Я решил, что для начала с меня хватит и десяти поз. В случае успеха первой встречи можно было бы осваивать новые. Процесс обучения занял не так много времени — во всяком случае, гораздо меньше, чем ушло на освоение ча-ча-ча. А с точки зрения награды за труды это казалось куда предпочтительнее танцев, так что я с нетерпением ждал практики.
Я пошел навестить Рози на ее рабочем месте. Аудитория для аспирантов представляла собой помещение без окон со столами, расставленными вдоль стен. Я насчитал восемь студентов, включая Рози и Стефана, чьи столы стояли рядом.
Стефан как-то странно улыбнулся мне. Я по-прежнему относился к нему с подозрением.
— Ты прямо-таки герой «Фейсбука», Дон. — Стефан повернулся к Рози. — Пожалуй, тебе стоит обновить раздел «отношения».
Экран его монитора показывал фотографию, на которой мы с Рози были запечатлены в танце. Точно такая же, подарок фотографа, стояла у меня дома на столе возле компьютера. Я кружил Рози, и на ее лице было выражение безмерного счастья. Хоть я и не был зарегистрирован на «Фейсбуке» (социальные сети не входят в сферу моих интересов), под фотографией стояли наши имена: Профессор генетики Дон Тиллман и аспирант-психолог Рози Джармен.

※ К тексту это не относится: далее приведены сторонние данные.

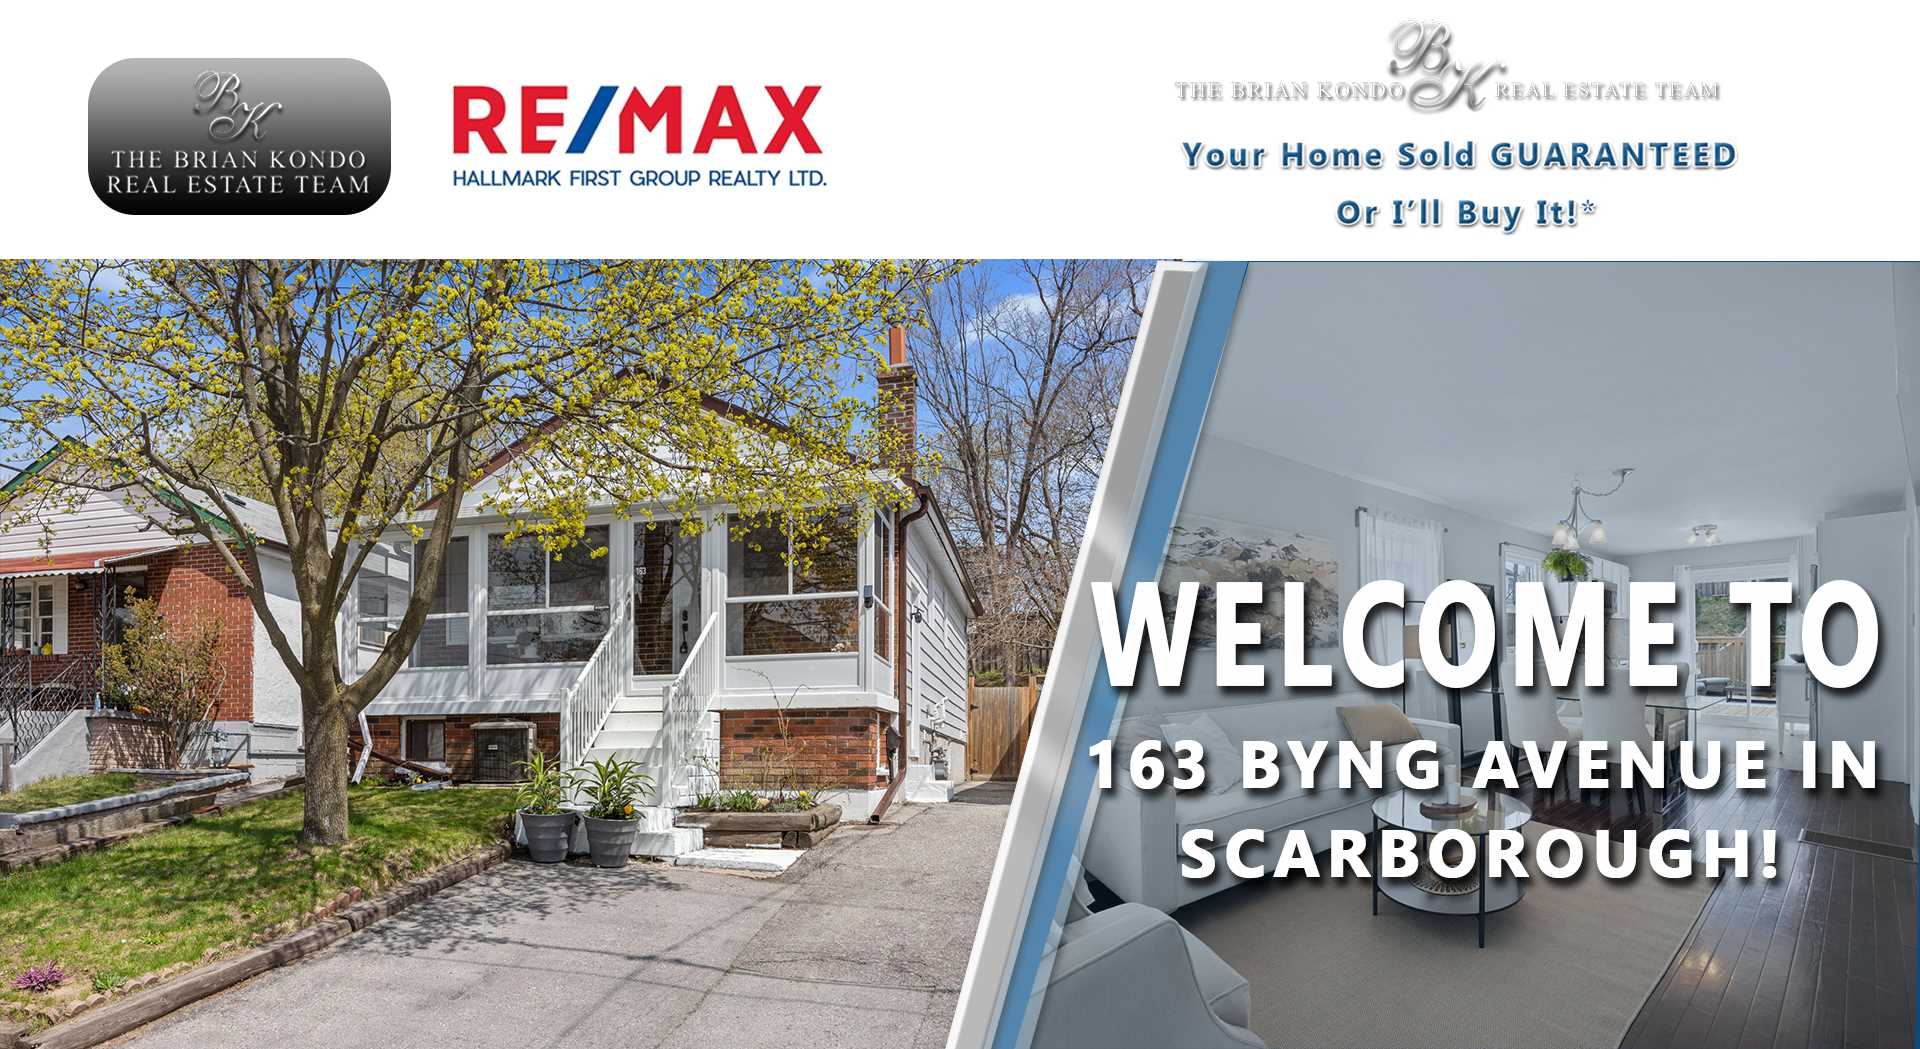 WELCOME TO 163 BYNG AVENUE IN SCARBOROUGH! | The Brian Kondo Real Estate Team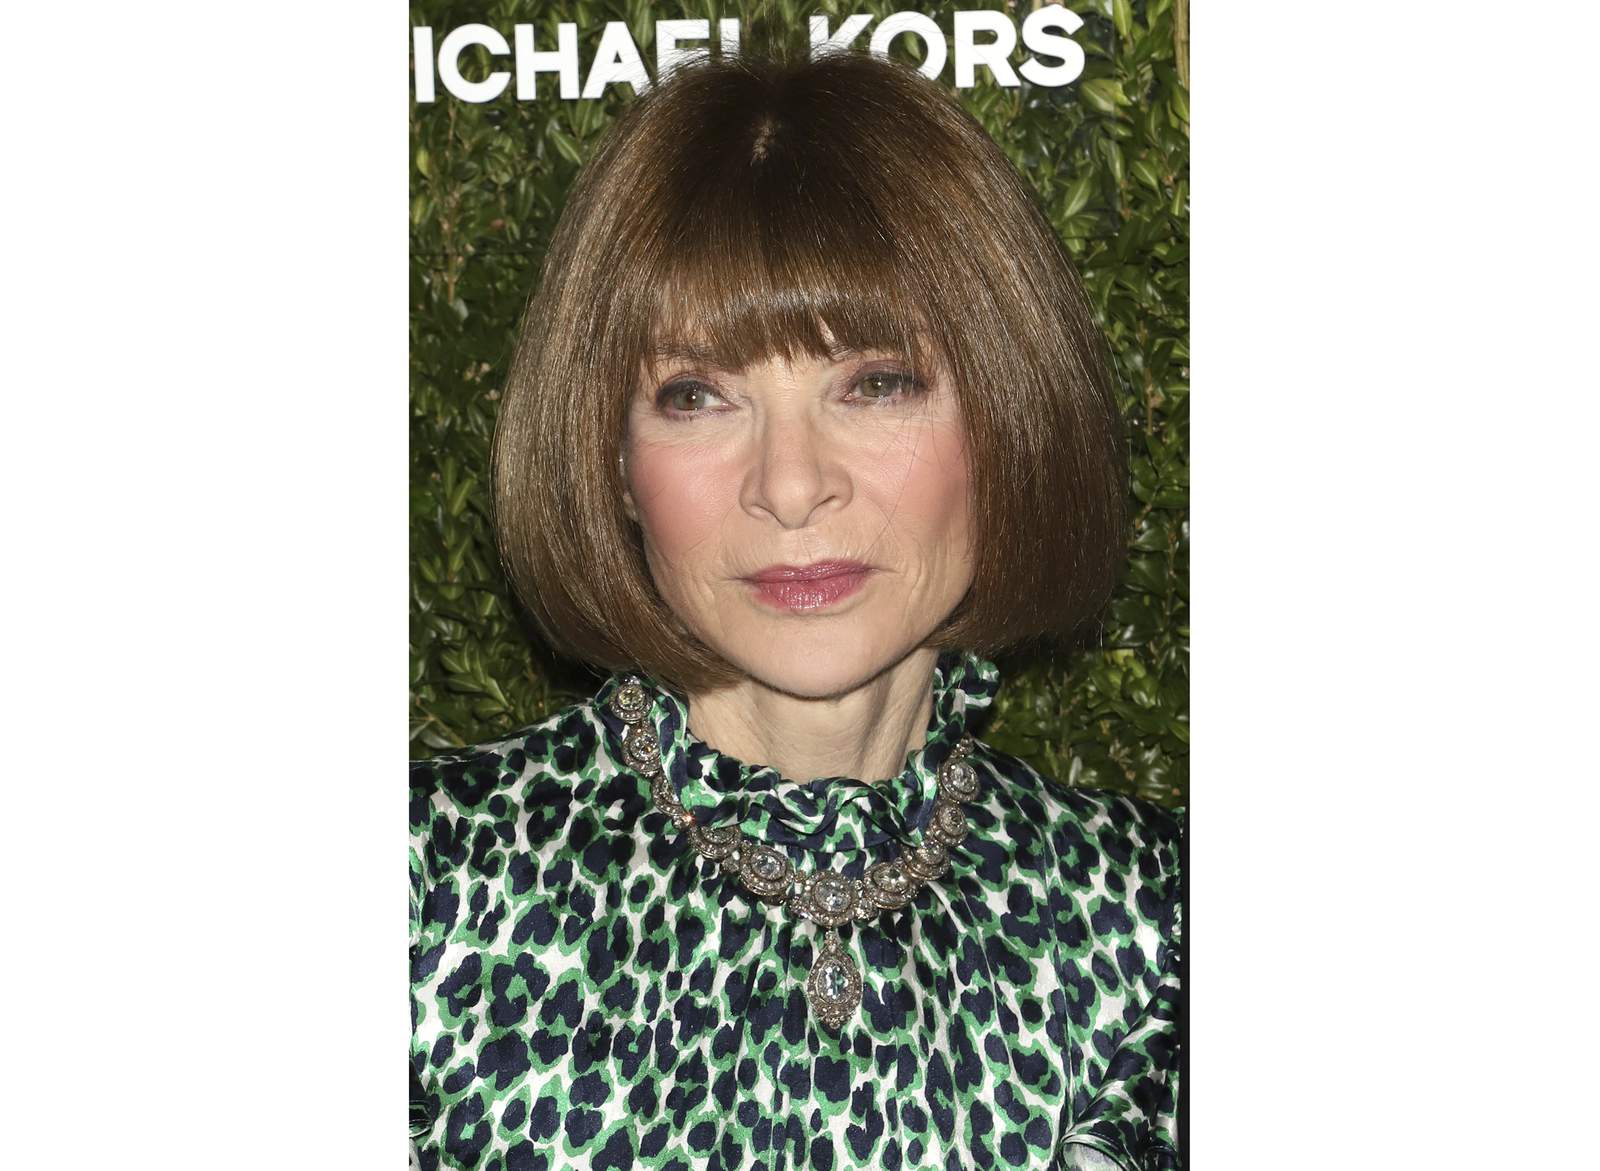 Anna Wintour apologizes for race-related `mistakes'

— Давай не будем об этом, — сказала Рози.
— Тебе не нравится фото?
Плохой знак.
— Это из-за Фила. Я не хочу, чтобы он это видел.
— Думаешь, твой отец только и делает, что торчит в «Фейсбуке»? — возразил Стефан.
— С ужасом жду, когда он начнет названивать, — сказала Рози. — «А сколько он зарабатывает? Ты с ним спишь? Сколько раз он делает жим штанги лежа?»
— Обычные вопросы, которые вправе задать отец, чья дочь встречается с парнем, — заметил Стефан.
— Я не встречаюсь с Доном. Мы вместе ехали в такси. Это все. Верно, Дон? Так что, — Рози снова переключилась на Стефана, — можешь засунуть свои домыслы куда подальше. Раз и навсегда.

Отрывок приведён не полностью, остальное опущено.